Similarly, Tyler Krupicka of Intuit described their design system in detail. He showed how they developed their components and testing mocks. He described the design system as giving Intuit the ability to make rapid mock-up changes in their applications. Tyler explained how Intuit used their design system to make small visual tweaks that they could evaluate in A/B testing to determine which tweak resulted in more customers and greater satisfaction.

Testing PDF Reports

Priyanka Halder, head of quality at GoodRx, describes her process for delegating quality across all of the engineering team as a way to accelerate the delivery of new features to market. She calls this “High-Performance Testing.” In her webinar, one of the keys to GoodRx is the library of drug description and interaction pages served up by GoodRx.

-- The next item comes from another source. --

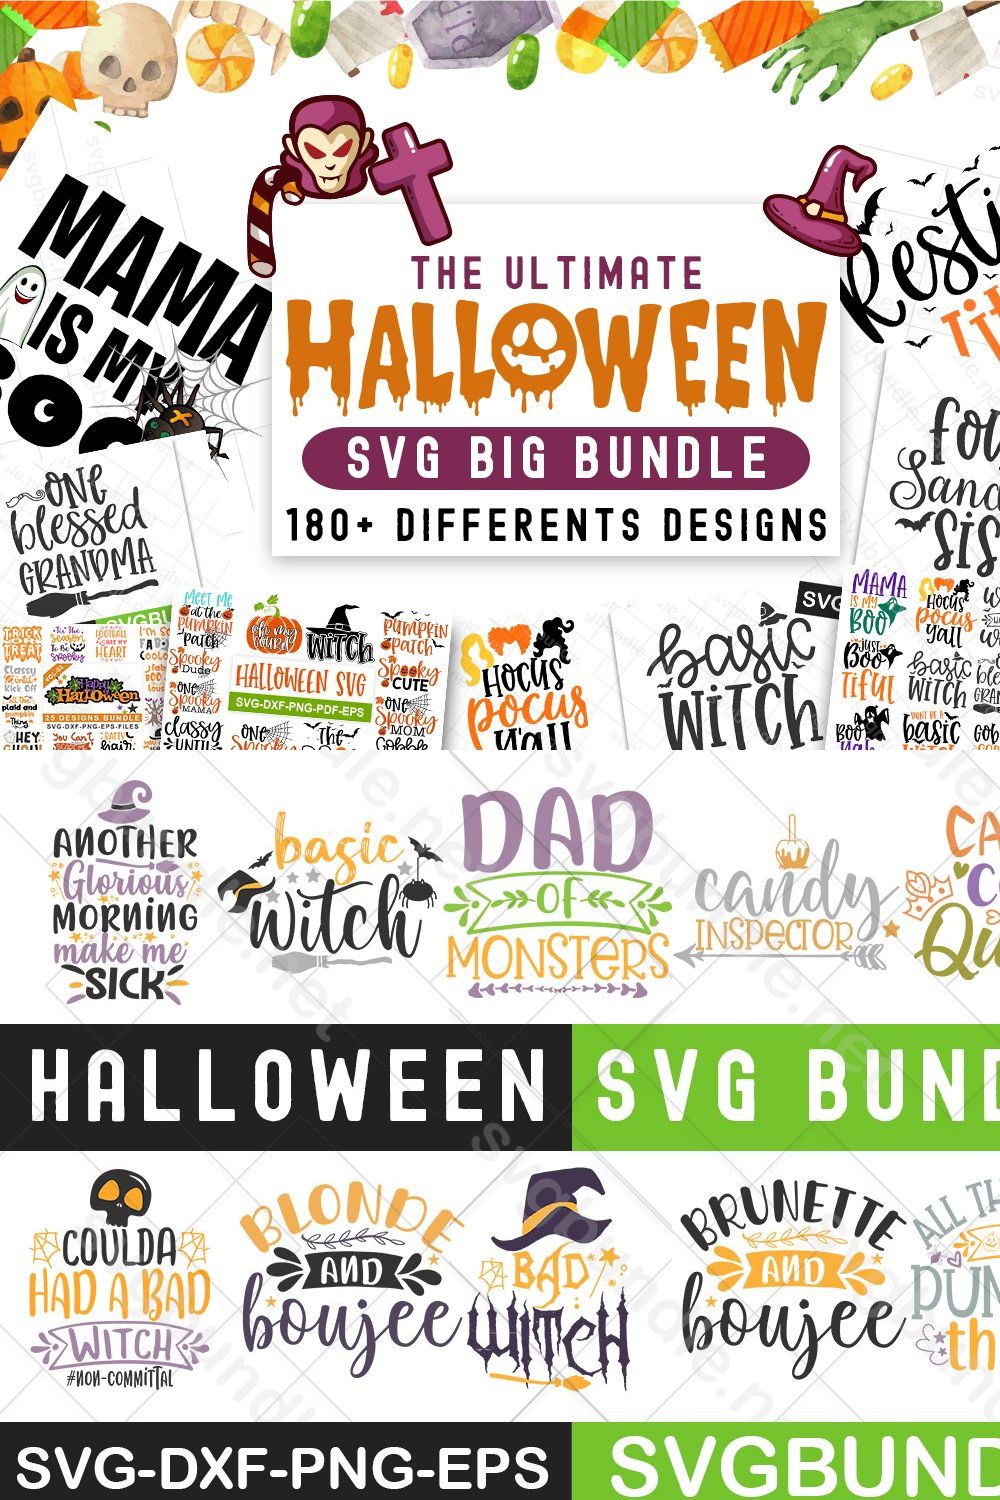 180+ Halloween SVG Big Bundle pinterest preview image.
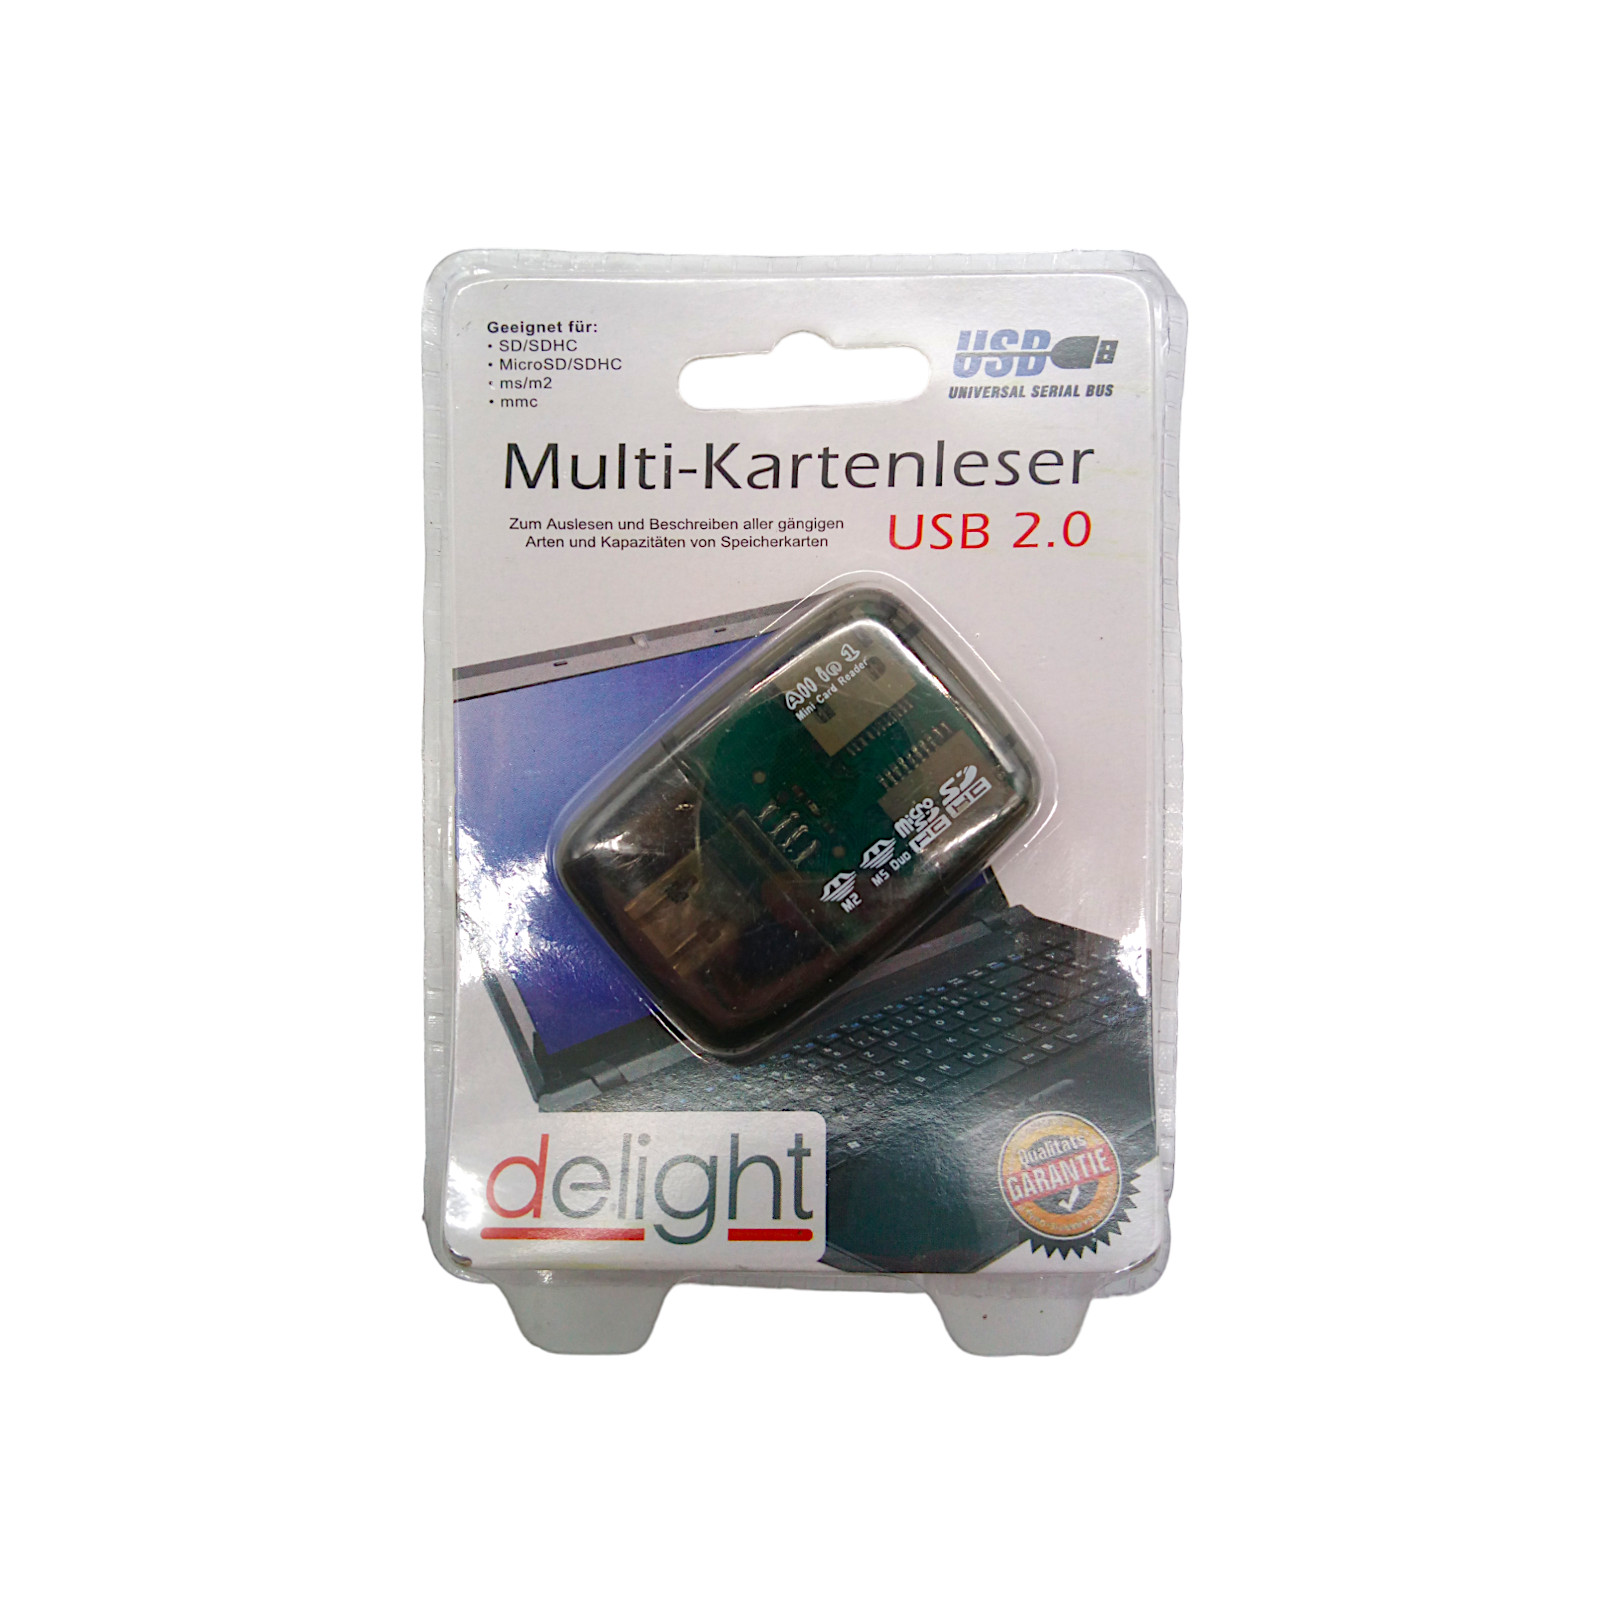 USB 2.0-Multi-Kartenlesegerät

GoodRx uses Applitools to validate this content, even as company logos, web banners, and page functionality get tweaked constantly.

Similarly, Fiserv uses Applitools to test a range of PDF content generated by Fiserv applications.  In their webinar, David Harrison and Christopher Kane of Fiserv describe how Applitools makes their whole workflow run more smoothly.

These are just some of the customer stories shared in their own words in 2020.

Looking Ahead to 2021

As I mentioned earlier, we plan to publish a series of case studies outlining customer successes with Applitools in 2021.

When you read the published stories, you might be surprised by the results they get. For example, the company whose test suite for their graphical application today runs in 5 minutes. They previously used a home-grown visual test suite that took 4 hours to complete. Instead of running their tests infrequently, they can now run their application test suite as part of every software build. That’s what a 48x improvement can do.

Another company has tests that used to require every developer to run, analyze, and evaluate on their own. Visual tests were incorporated into their suite and had to be validated manually. Today, the tests get run automatically and require just a single engineer to review and either approve or delegate for rework, the results of tests.

You might be surprised to find competitors in your industry using Applitools. And, you might find that they feel guarded about sharing that information among competitors. Some companies see Applitools as a secret weapon in making their teams more efficient.

We look forward to sharing more with you in the weeks and months ahead.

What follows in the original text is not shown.